Problem description: Give back exactly the lines from the one holding "鎱 stroke order step-by-step diagram" to the bottom of the material, both included, and nothing more. No pictures.
=== Section Start ===
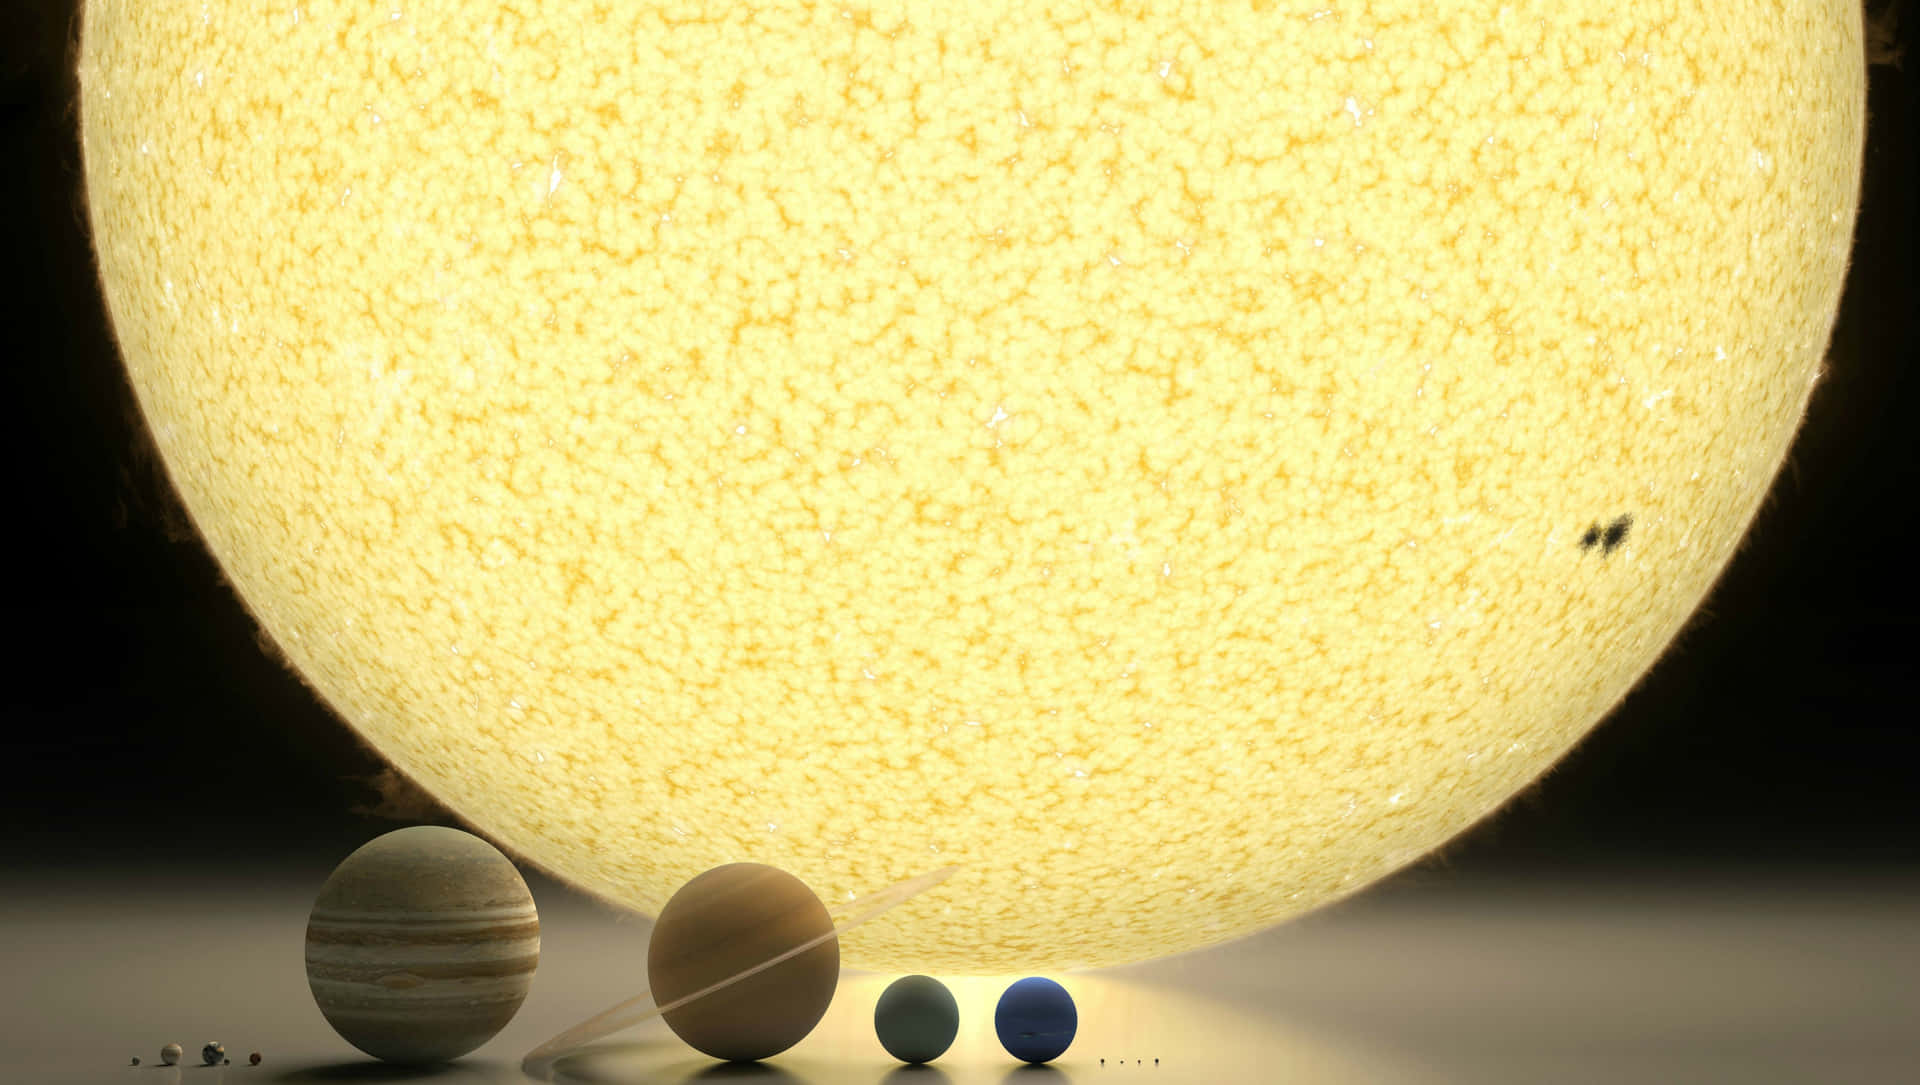 Solar System Model Wallpaper
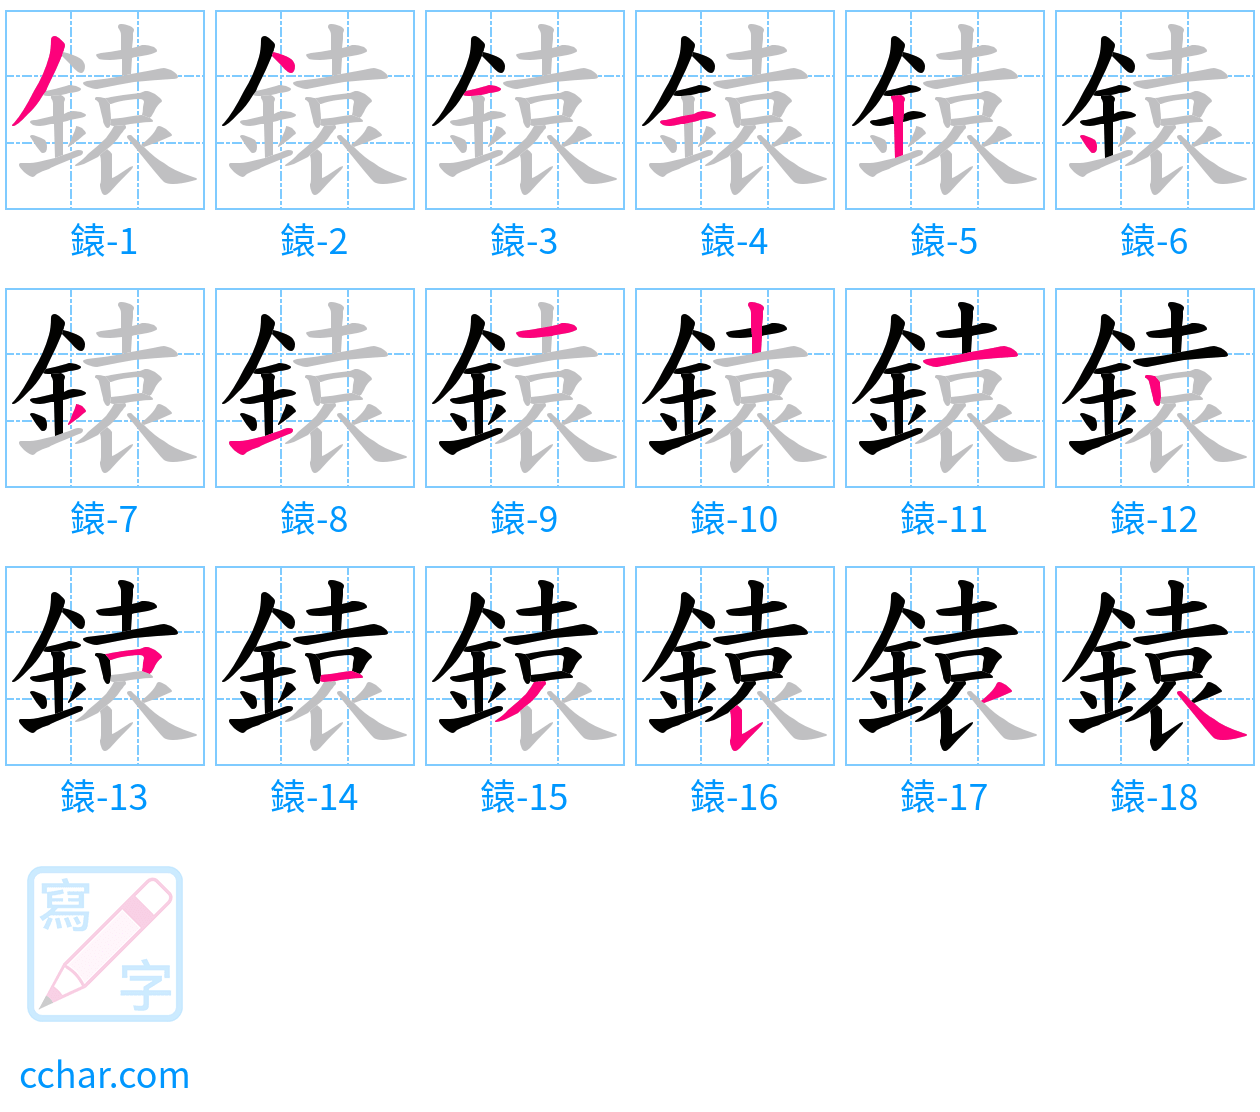 鎱 stroke order step-by-step diagram
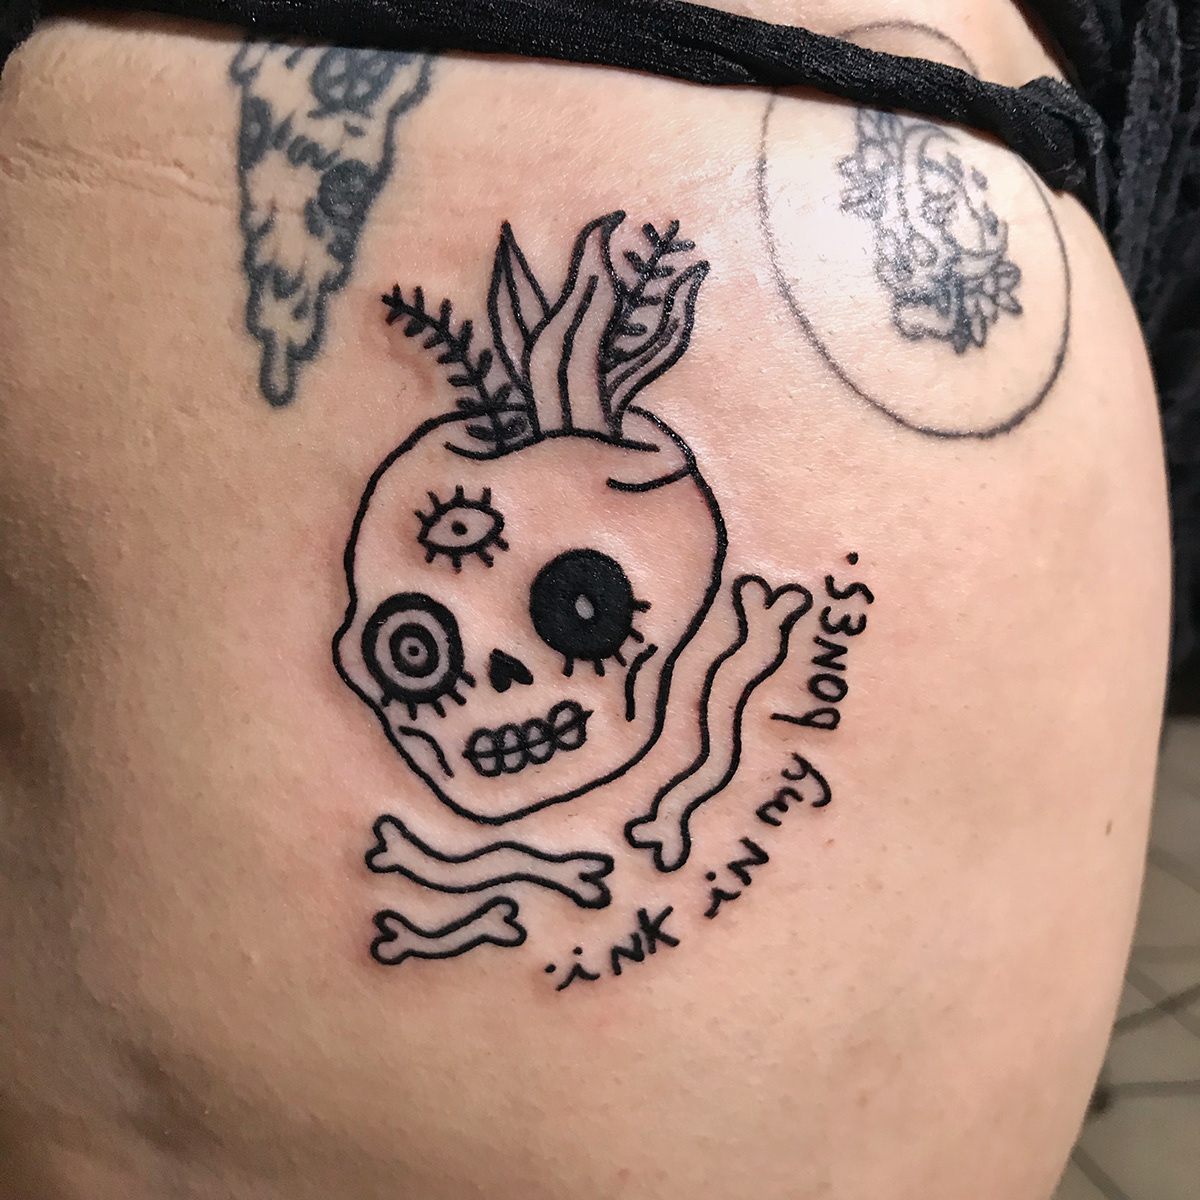 El Salvador tattoo tattoo design heart women skull vampire
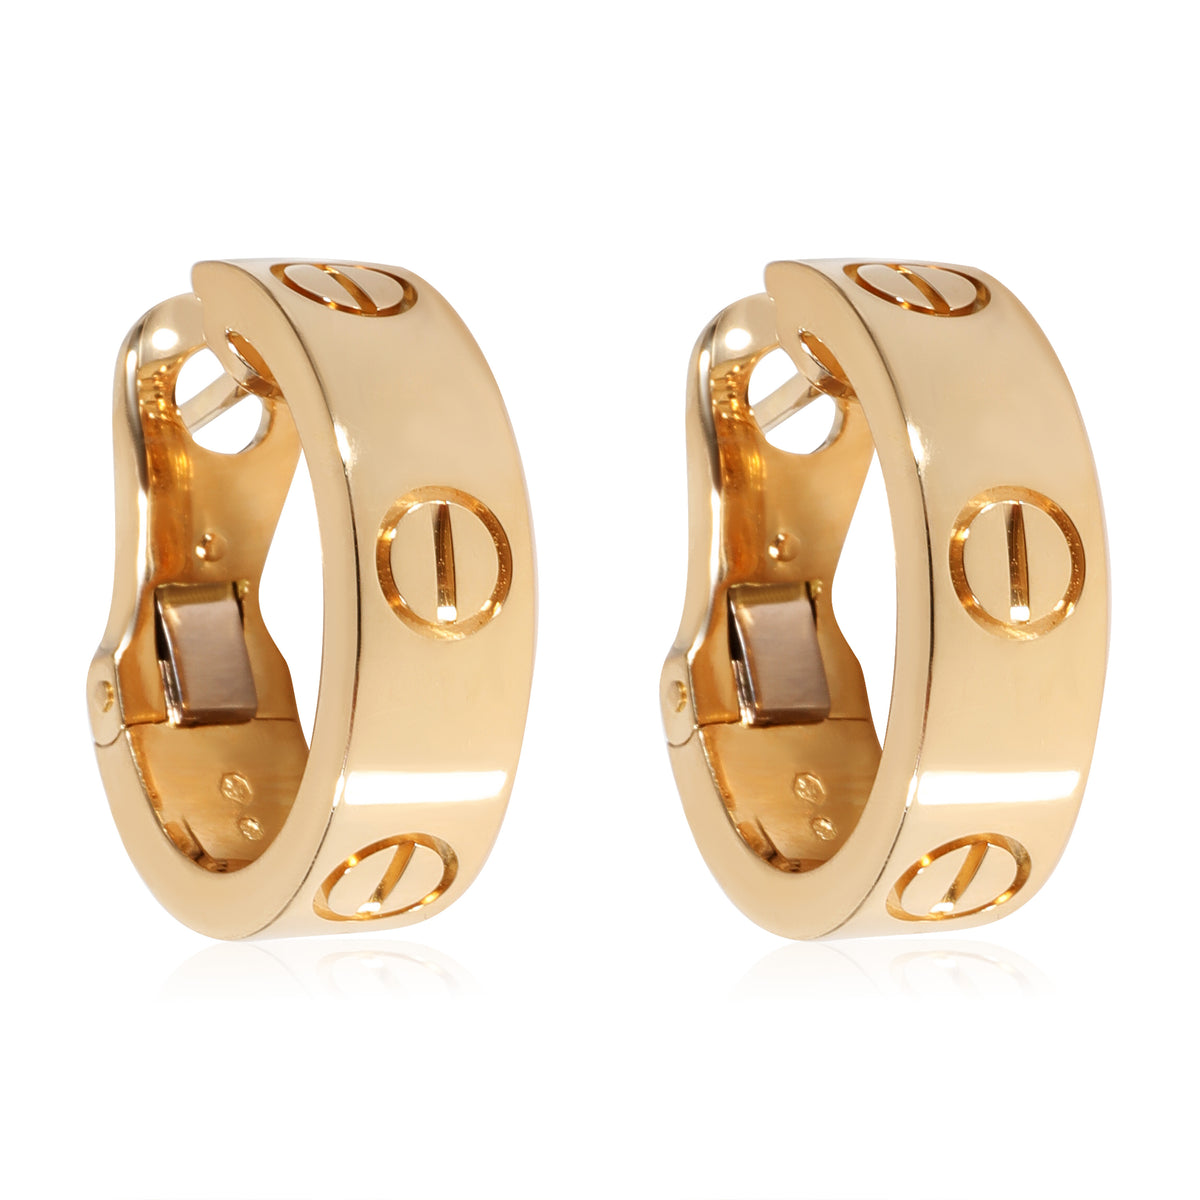 Cartier Love Earrings in 18k Yellow Gold
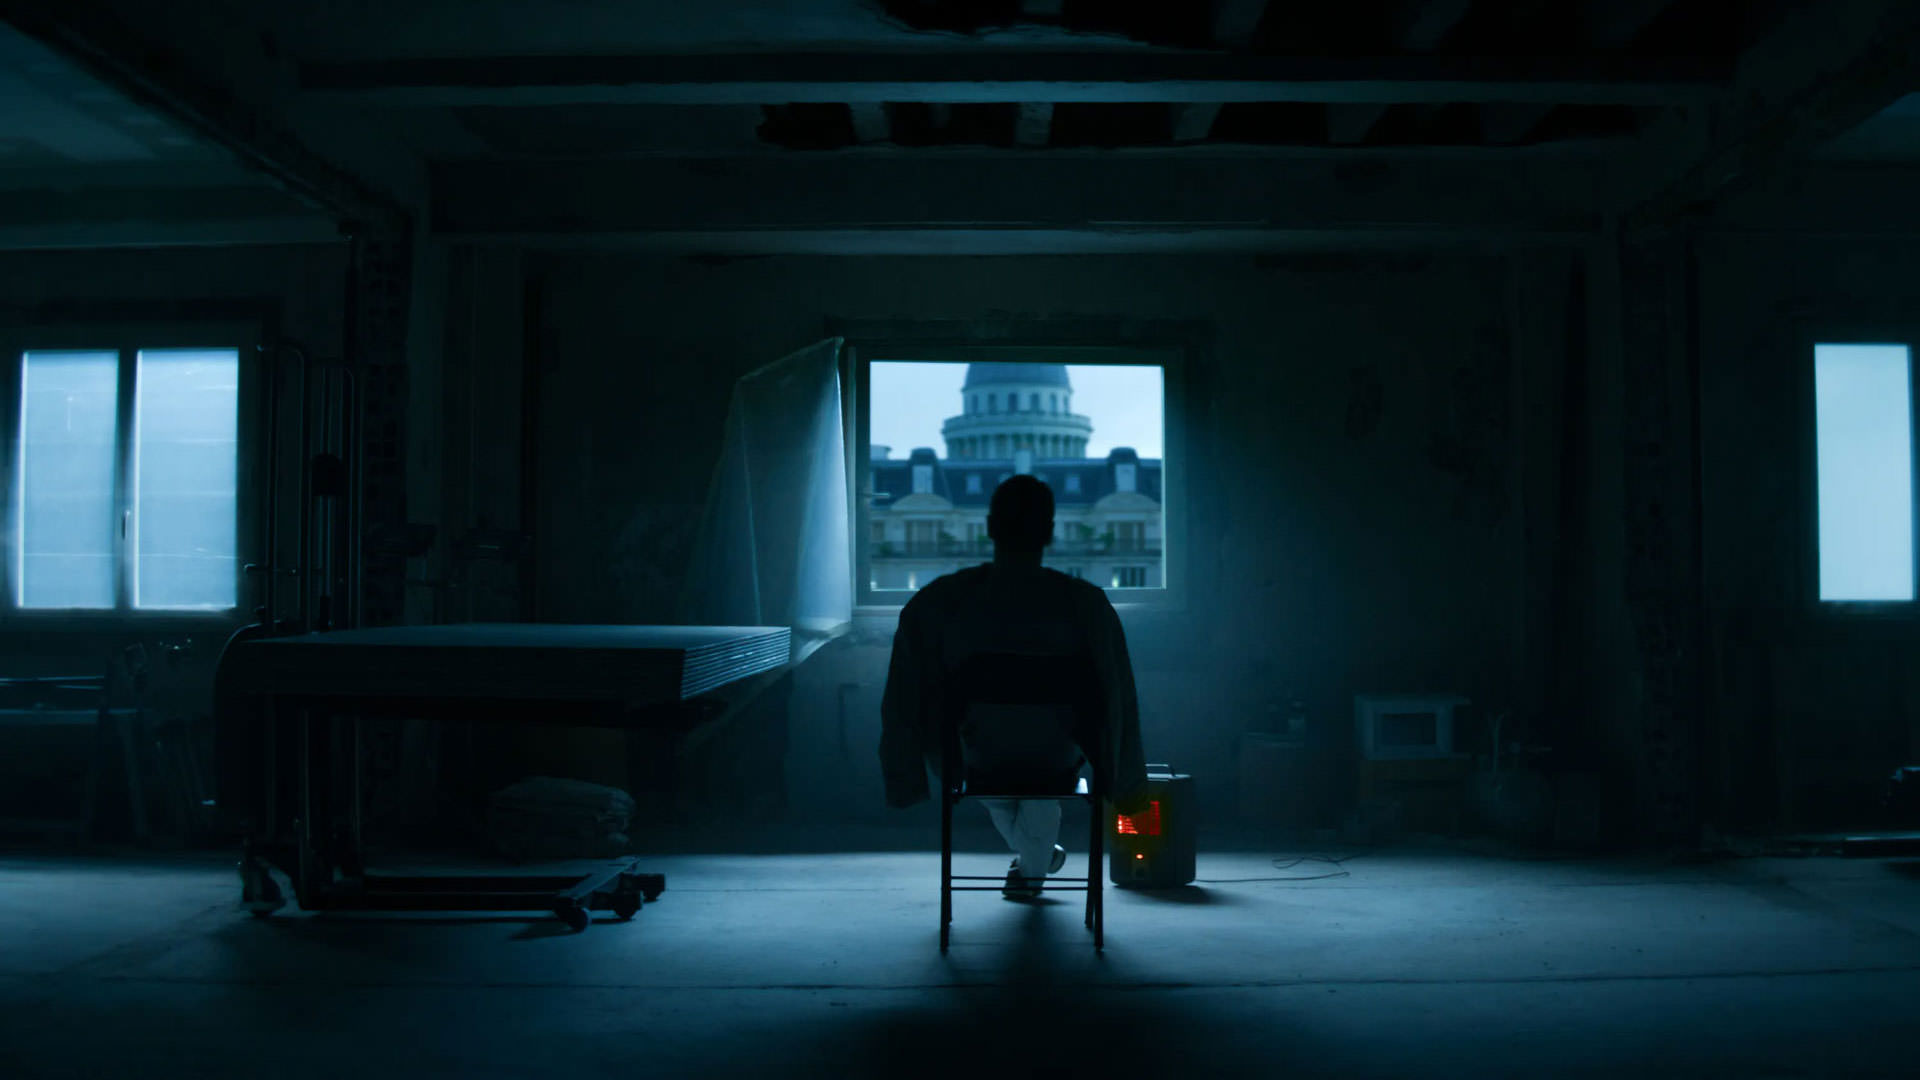 مایکل فاسبندر نشسته روی یک صندلی وسط یک اتاق خالی و تاریک روبه‌روی یک پنجره‌ی کوچک در نمایی از فیلم قاتل به کارگردانی دیوید فینچر
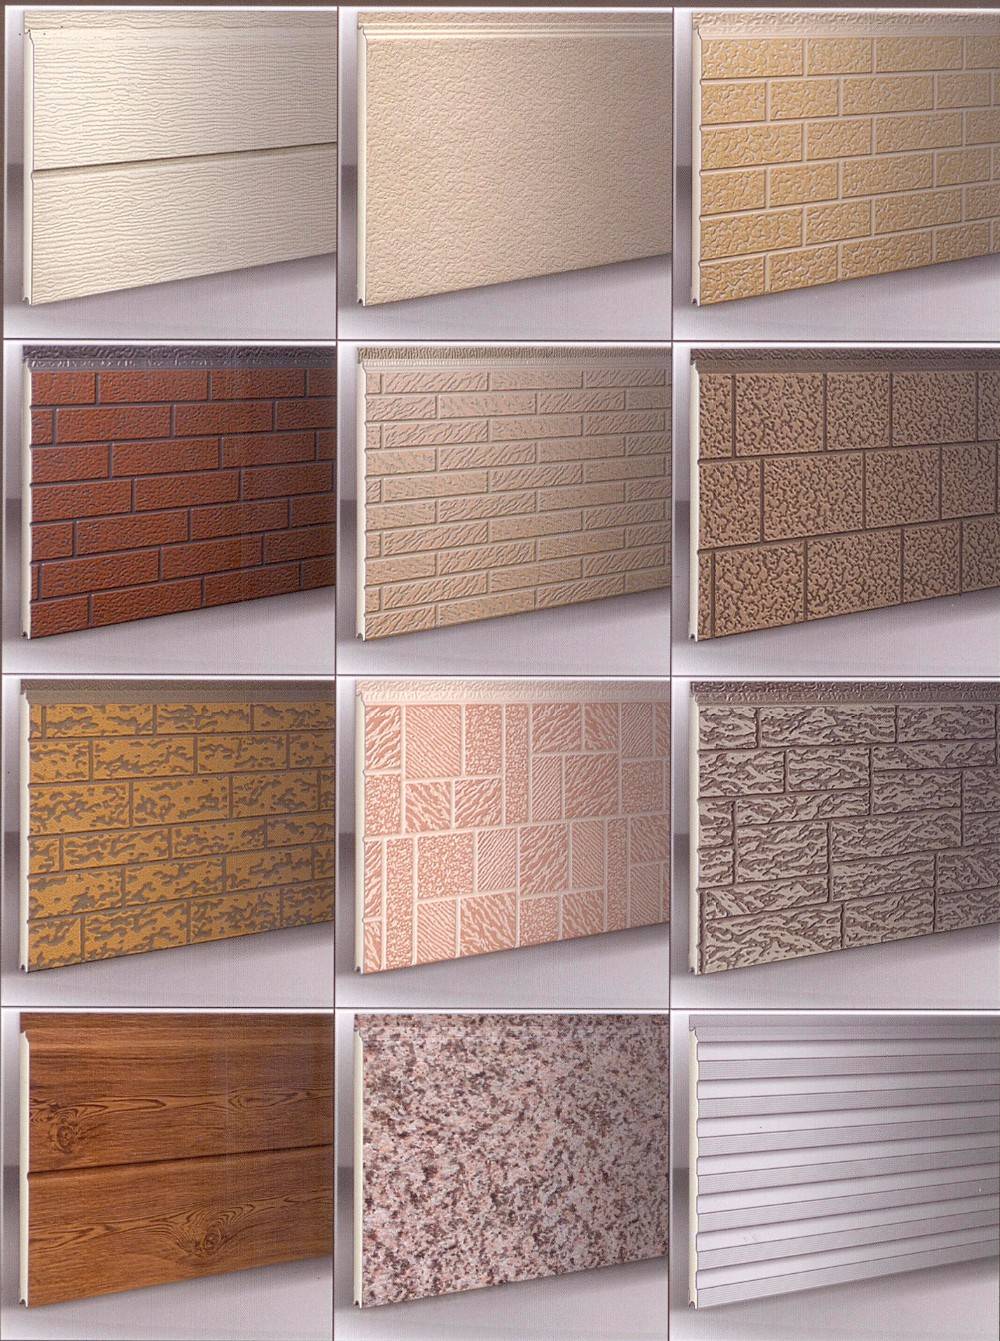 Стеновые товары. Декоративная панель 1.59.001. Металлические сэндвич-панели Стенолит. Wall cladding панель стеновая. Сэндвич панели стеновые отделочные 30 мм.
=== Section End ===
Response box:
 鎱 stroke order step-by-step diagram
 El Salvador tattoo tattoo design heart women skull vampire
 Cartier Love Earrings in 18k Yellow Gold
 مایکل فاسبندر نشسته روی یک صندلی وسط یک اتاق خالی و تاریک روبه‌روی یک پنجره‌ی کوچک در نمایی از فیلم قاتل به کارگردانی دیوید فینچر
 Стеновые товары. Декоративная панель 1.59.001. Металлические сэндвич-панели Стенолит. Wall cladding панель стеновая. Сэндвич панели стеновые отделочные 30 мм.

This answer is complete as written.